8. A warning: one of the most insidious forms of arrogance is pseudo-humility (slide 33).

There are a lot of unbelievers who can manifest a form of humility that masks their arrogance. Some people want to assert themselves by being brash and overt, other people want to assert themselves by being covert. I think there is a word that “psycho-babblists” use called, “passive-aggressive”. That sort of captures what I am talking about here. That is what pseudo-humility is.

In Romans 12:3 Paul says, “For I say through the grace given to me, to everyone who is among you, not to think of himself more highly than he ought to think, but to think soberly…”.

That does not mean that you have not had an adult beverage in a while.
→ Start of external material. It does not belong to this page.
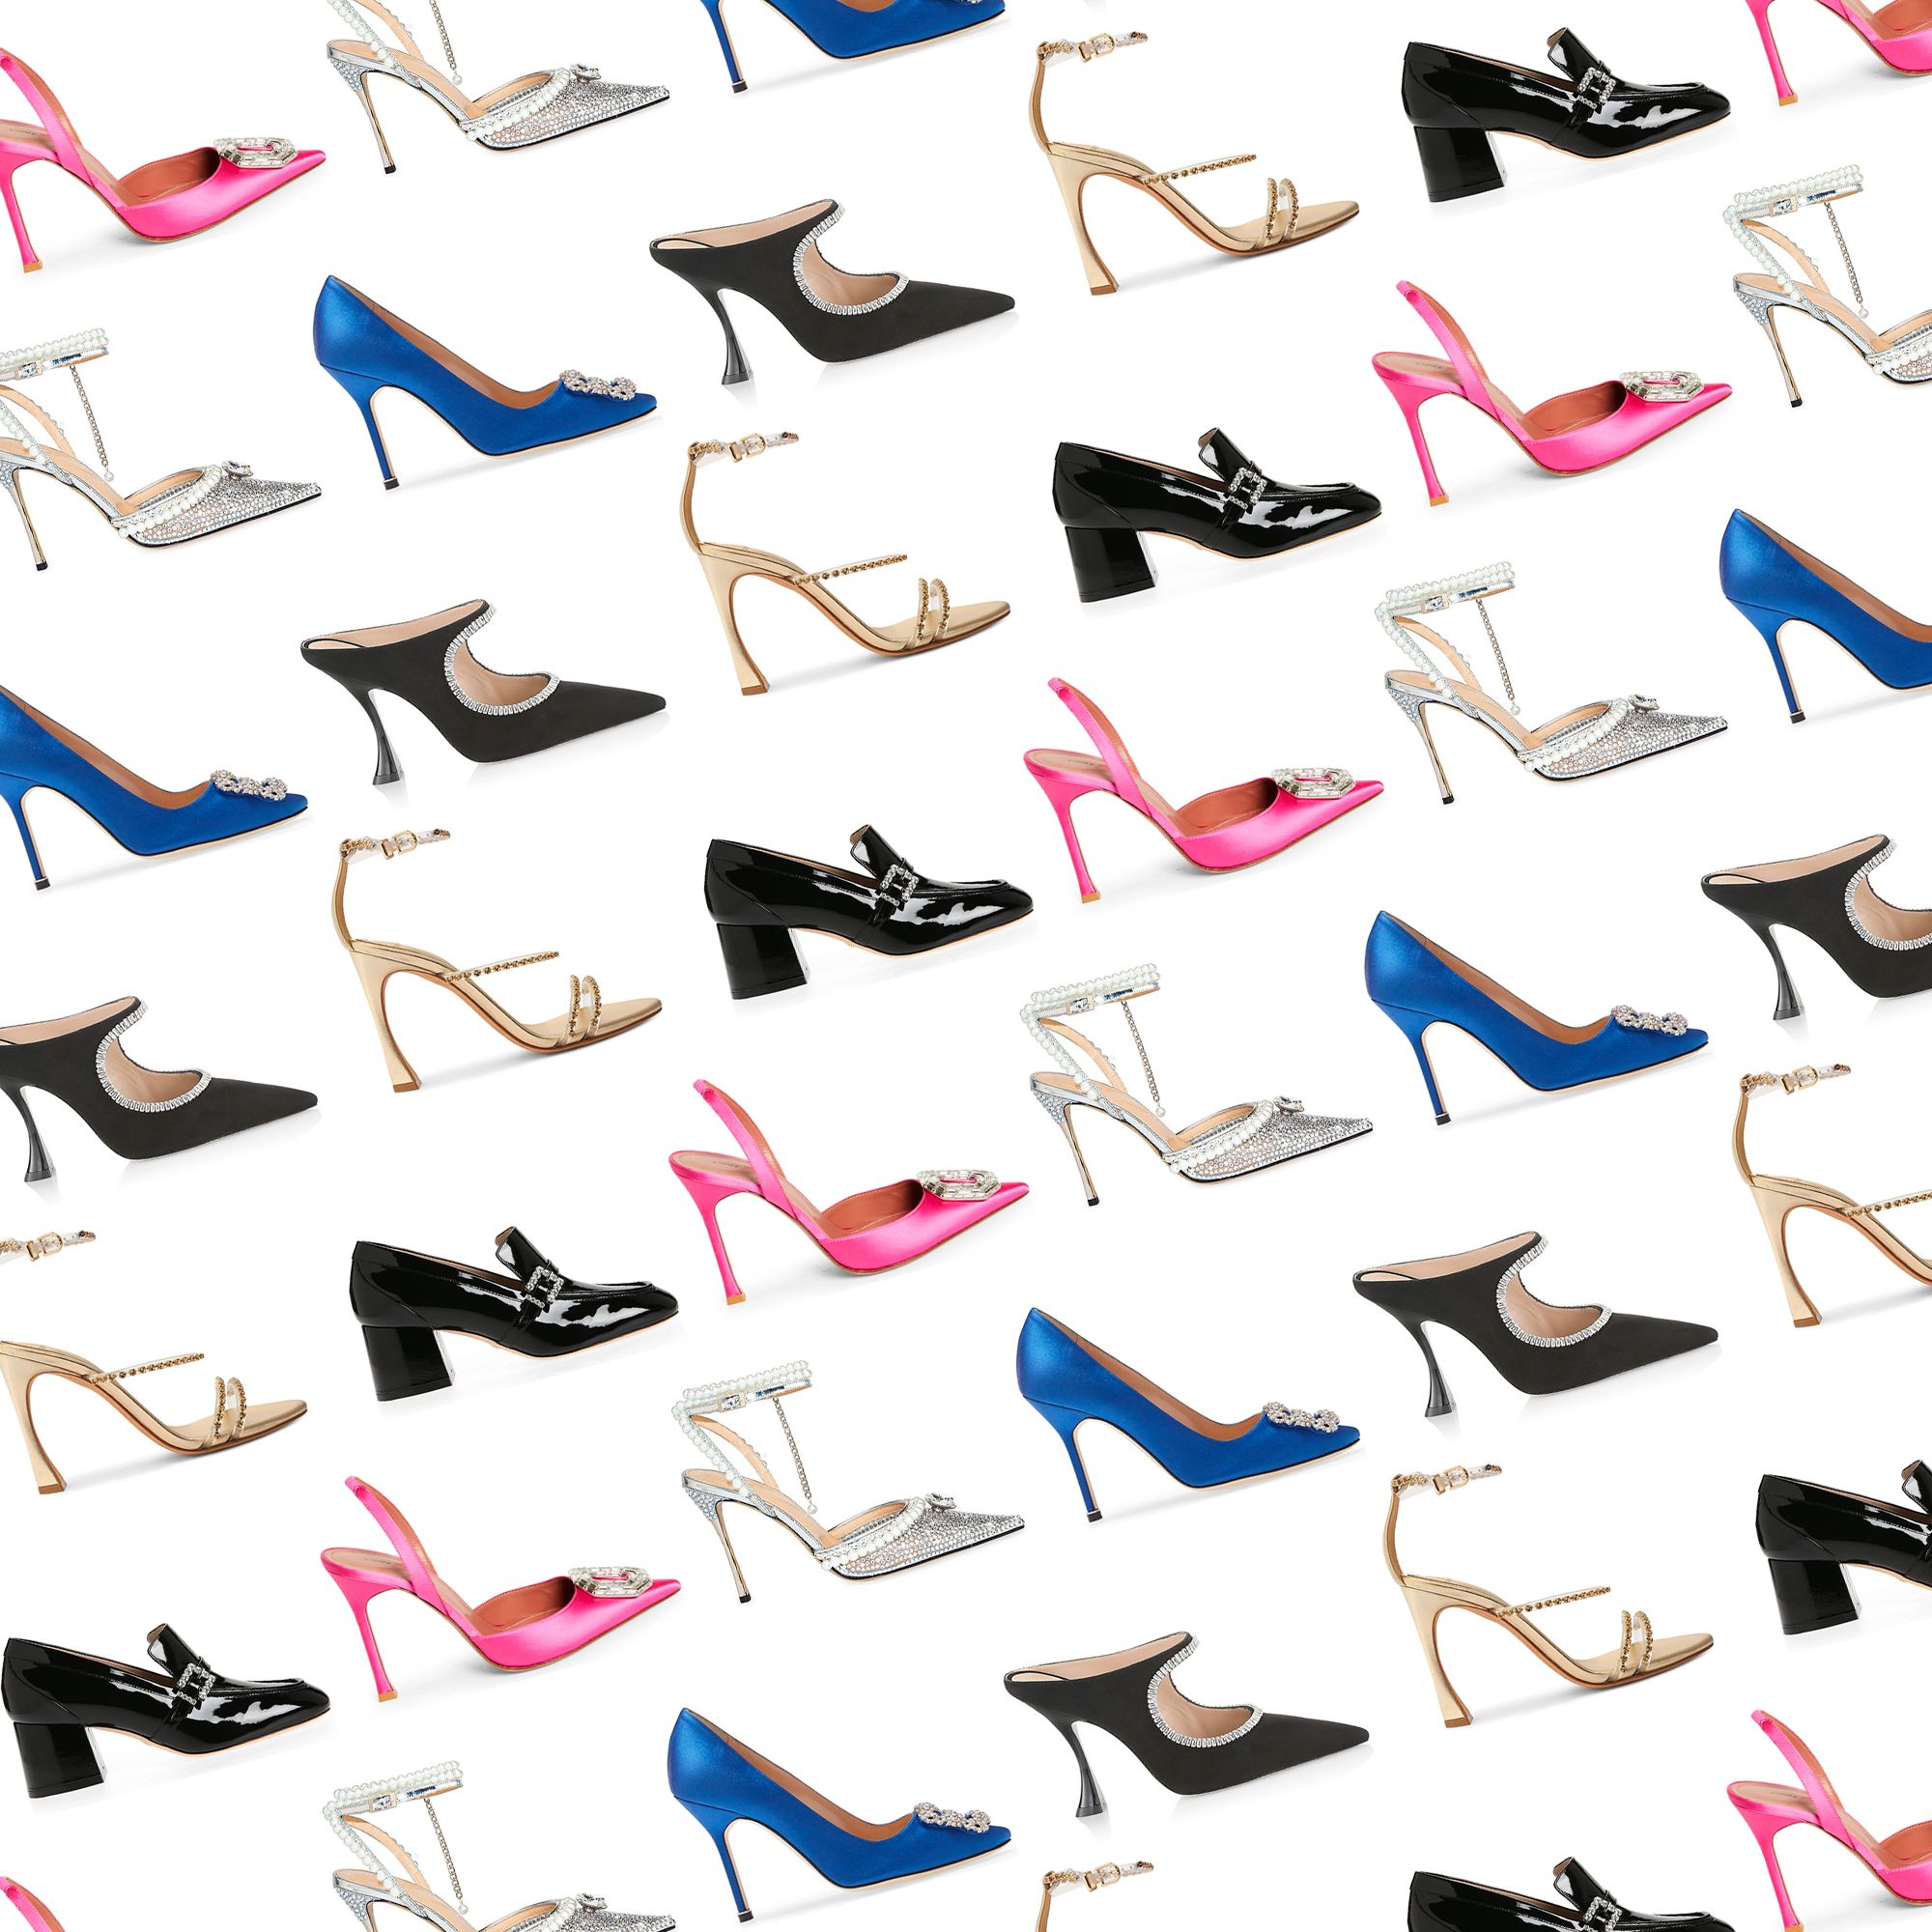 Can You Spot Which Shoe Is the Real $1,700 Designer Brand?

Thinking soberly is a word that means to think objectively, clearly, in terms of right and wrong, and accurately. We are not to think more highly than we ought to think. We are not to think more lowly than we ought to think either. We are to think accurately about who we are. That is the idea of “soberly”. We are to have an objective assessment of who we are. We do not blow ourselves up, and we do not try to become the poor little meek and mild and humble person that we think will impress everybody. We are not to be arrogant. Why? Because as Hannah says, there is accountability, as Dr. R.G. Lee titled one of the most famous sermons in American church history, Payday Someday.
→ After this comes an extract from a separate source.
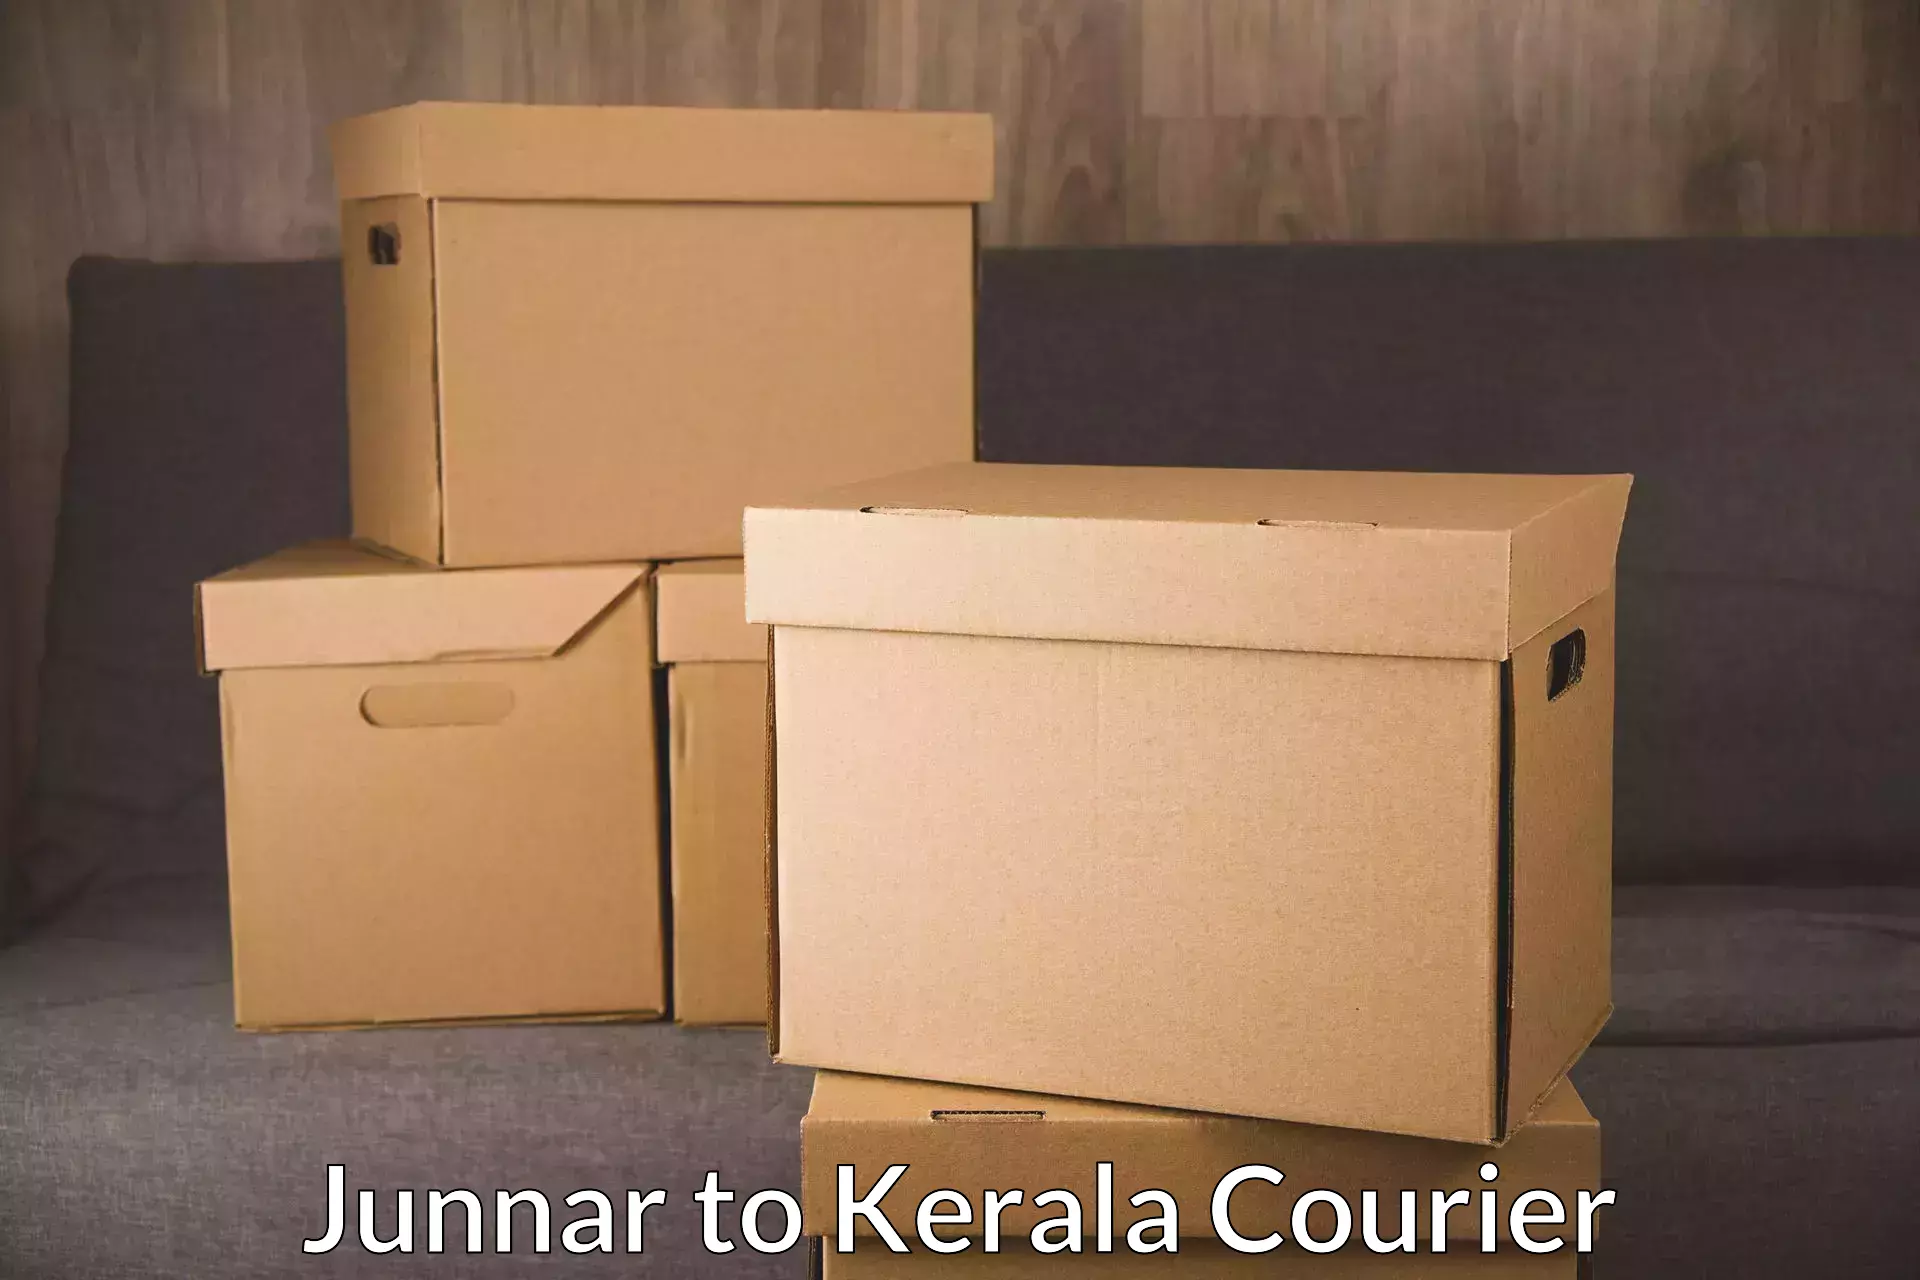 Package delivery network Junnar to Shoranur

We liked that on this trip. They had this huge box of snacks. They had apples and oranges. They had these big huge zip lock bags of Snickers. You could get them with almonds and the original with peanuts. They had these huge bags of Paydays. We talked about “Payday-Someday-Everyday”. We were also talking about the flood and judgment, so that worked in. There is an evaluation ultimately. We need to keep a guard on our mouth, keep a guard on our thinking, our arrogance. We need to confess it. We need to submit to the Lord, and God will be the one who exalts us. “God makes war against the arrogant”, Scripture says, and He “lifts up the humble”.
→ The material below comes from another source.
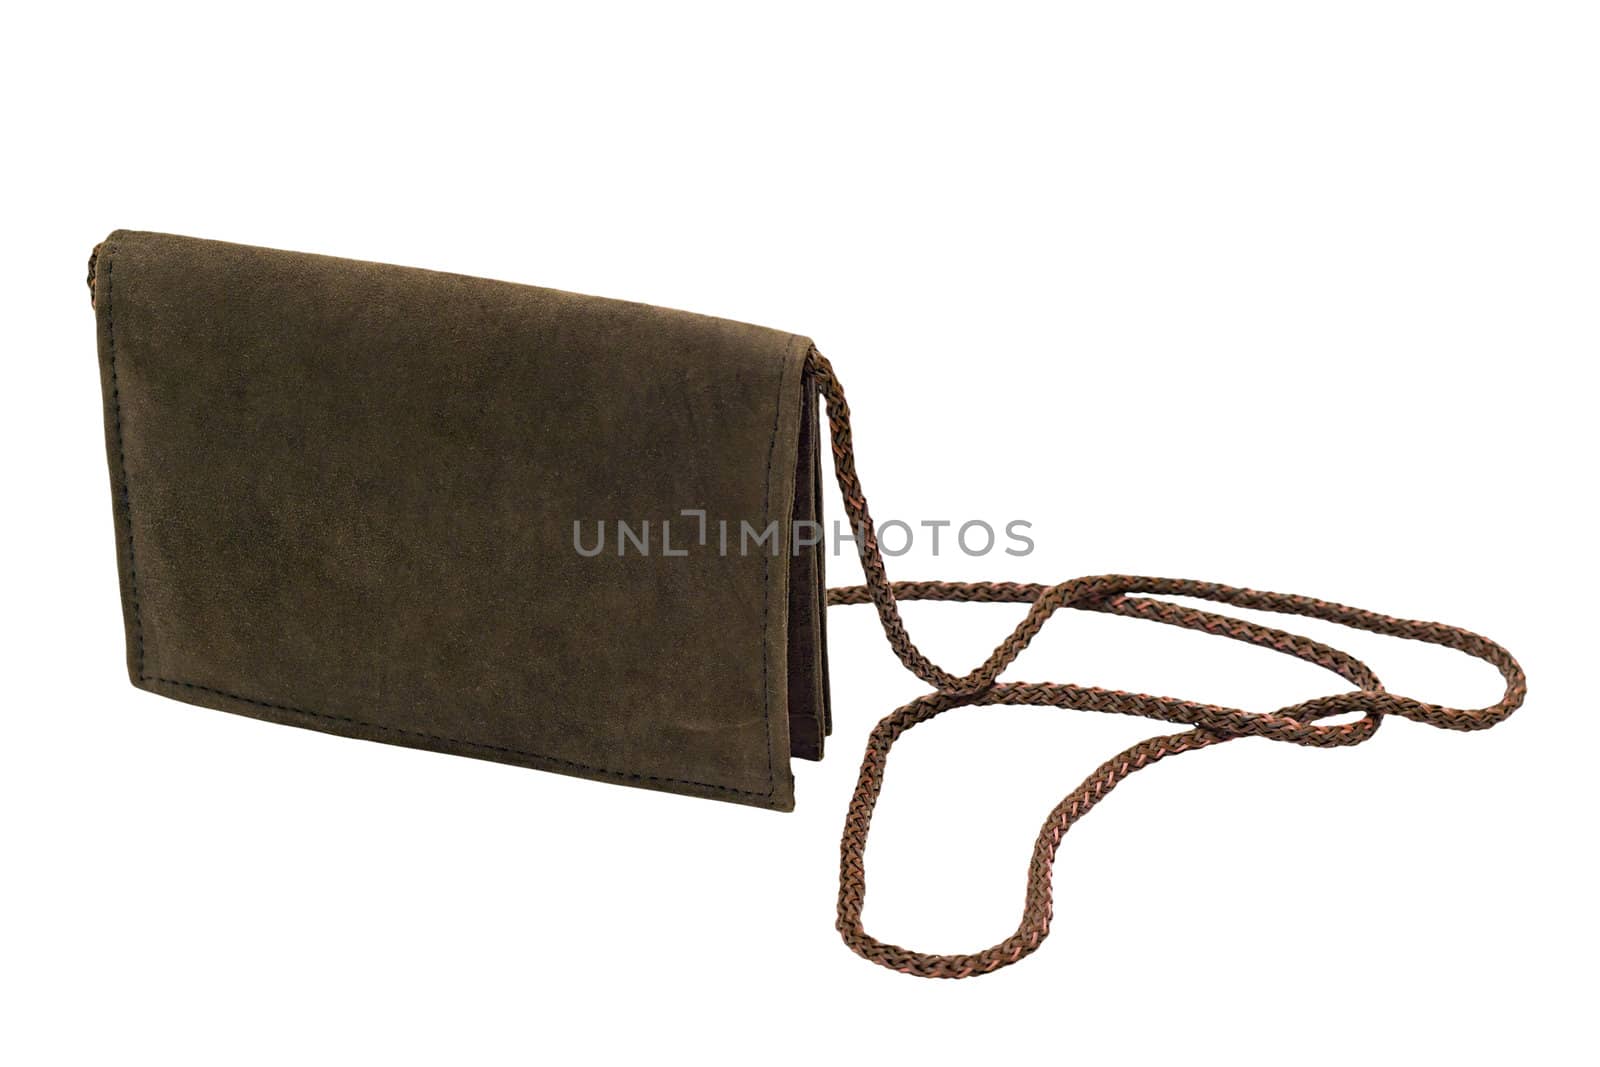 purse bag with rope handle isolated on white background

“Father, thank You for this opportunity to study through this passage. May we be reminded that we are all arrogant in many, many ways, and that we need to recognize that, identify it, and confess it. We need to, through Your Word, solve that problem through grace orientation, through humility, through authority orientation to Your Word, setting aside and rejecting that which is arrogant and looking toward that which You approve of in humbling ourselves under Your Mighty Hand. We pray this in Christ’s name. Amen”.